— ENTRIES SUPPLIED —
————

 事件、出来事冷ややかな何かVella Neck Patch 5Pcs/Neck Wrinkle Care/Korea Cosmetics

————

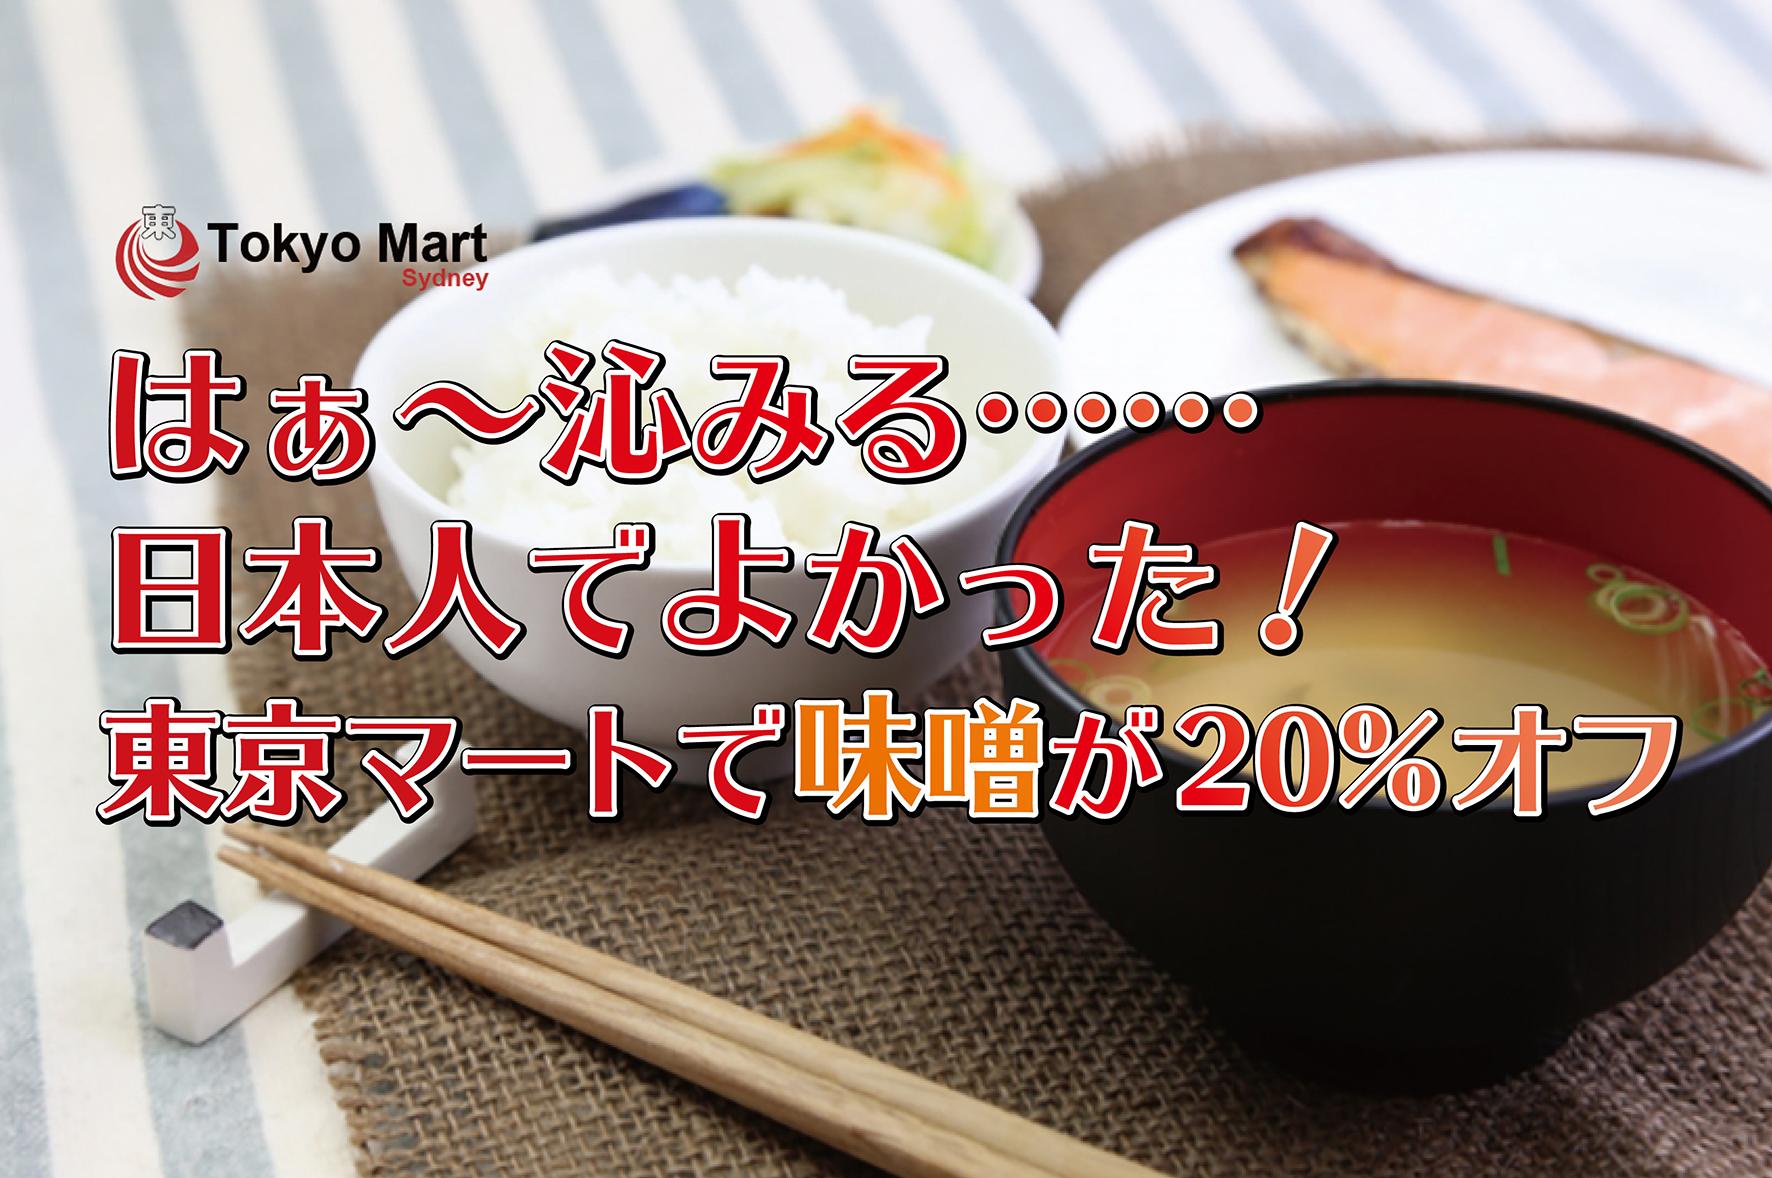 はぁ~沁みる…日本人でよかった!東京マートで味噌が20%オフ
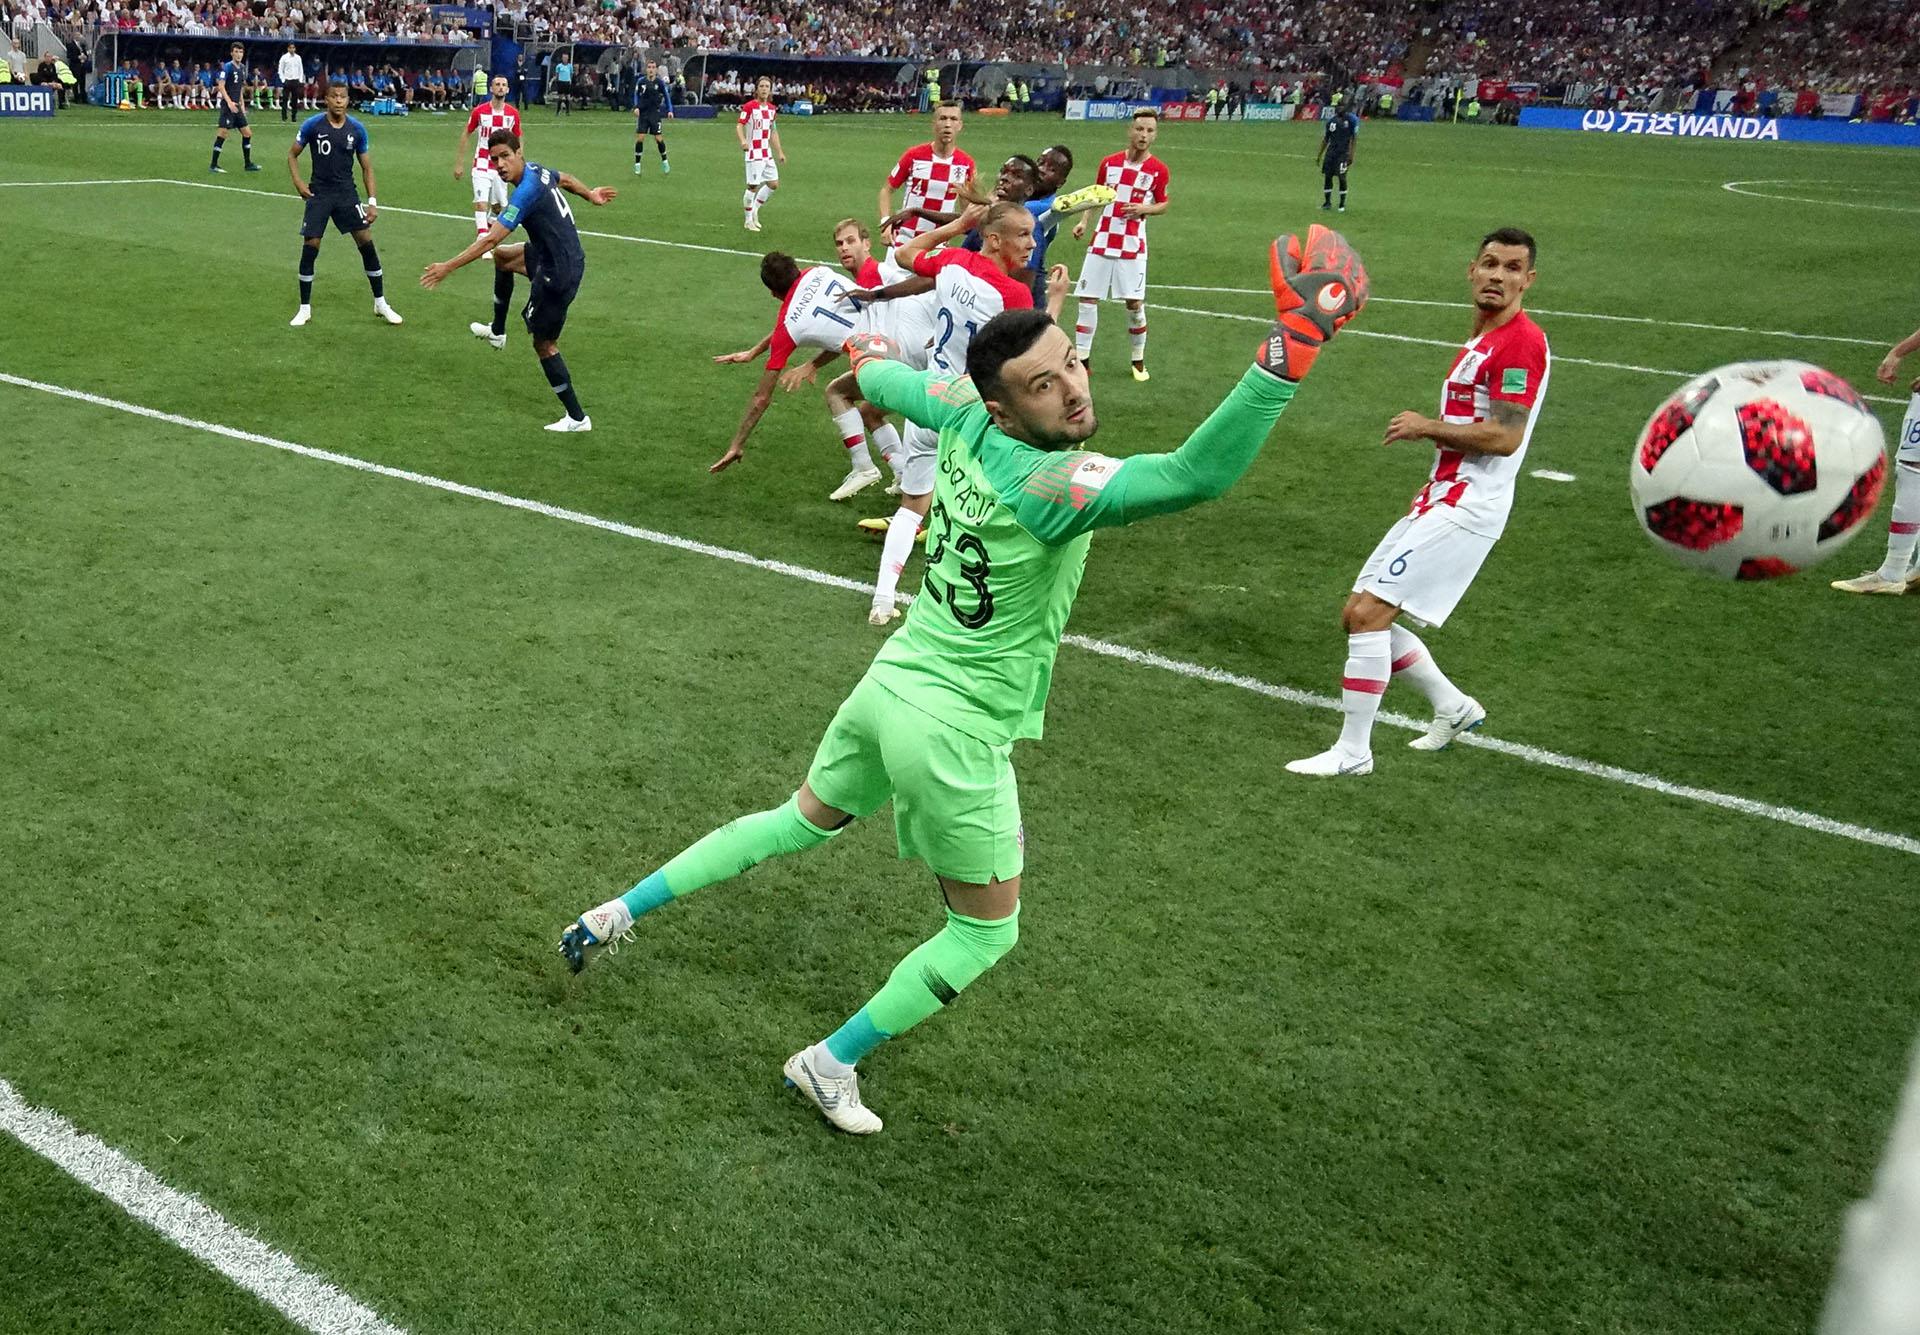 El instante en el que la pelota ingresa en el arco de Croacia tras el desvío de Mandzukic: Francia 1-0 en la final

————

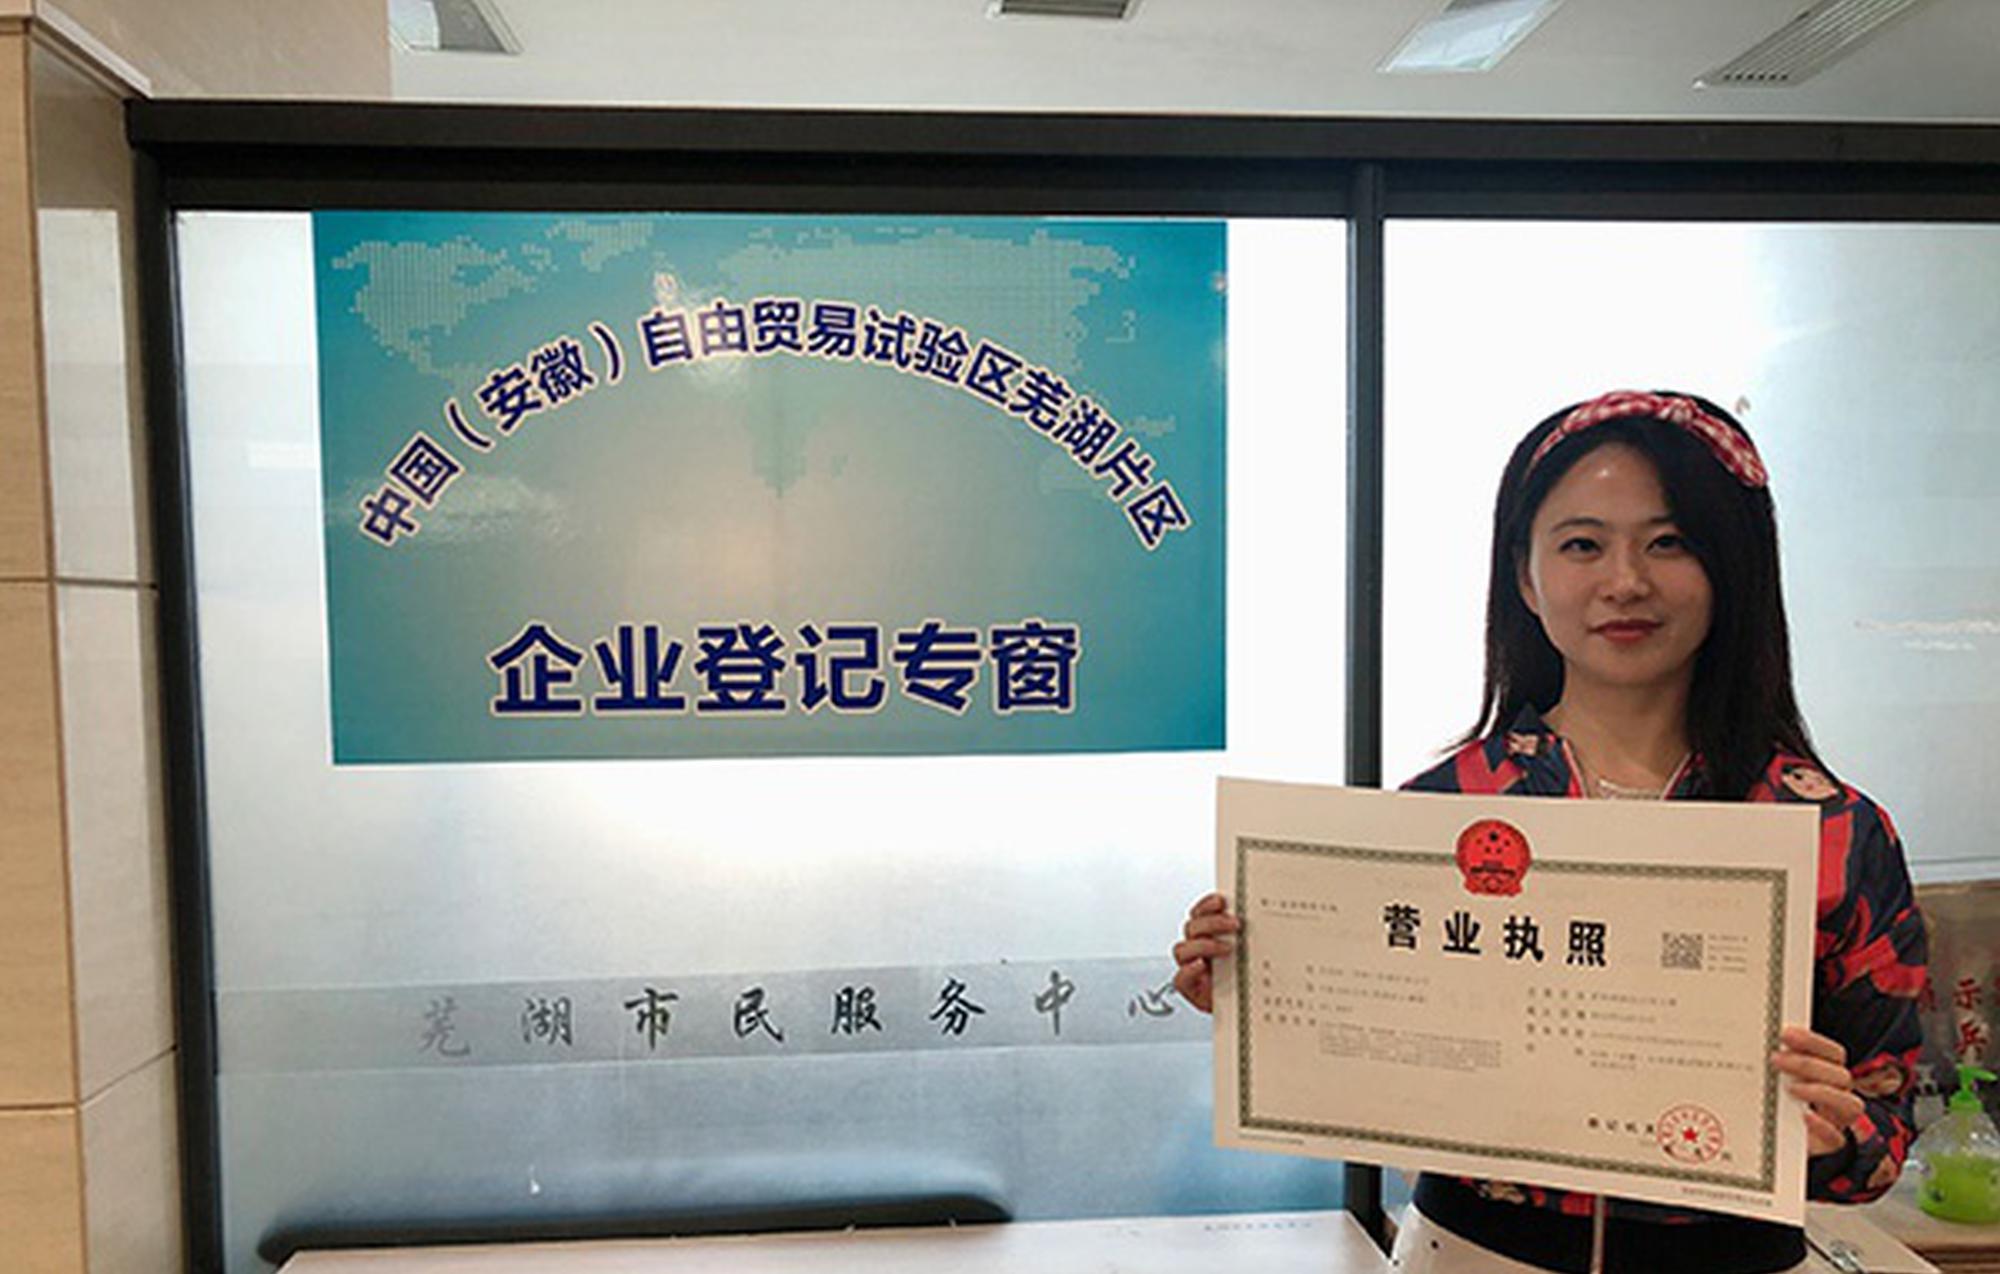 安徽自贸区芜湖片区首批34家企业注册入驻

————

— WHAT THIS TASK INVOLVES —
Starting at the line above that contains "はぁ~沁みる…日本人でよかった!東京マートで味噌が20%オフ", transcribe every line exactly through the line that contains "El instante en", including that last one, and skip the pictures.

— SOLVED PROBLEM —
 はぁ~沁みる…日本人でよかった!東京マートで味噌が20%オフ
 El instante en el que la pelota ingresa en el arco de Croacia tras el desvío de Mandzukic: Francia 1-0 en la final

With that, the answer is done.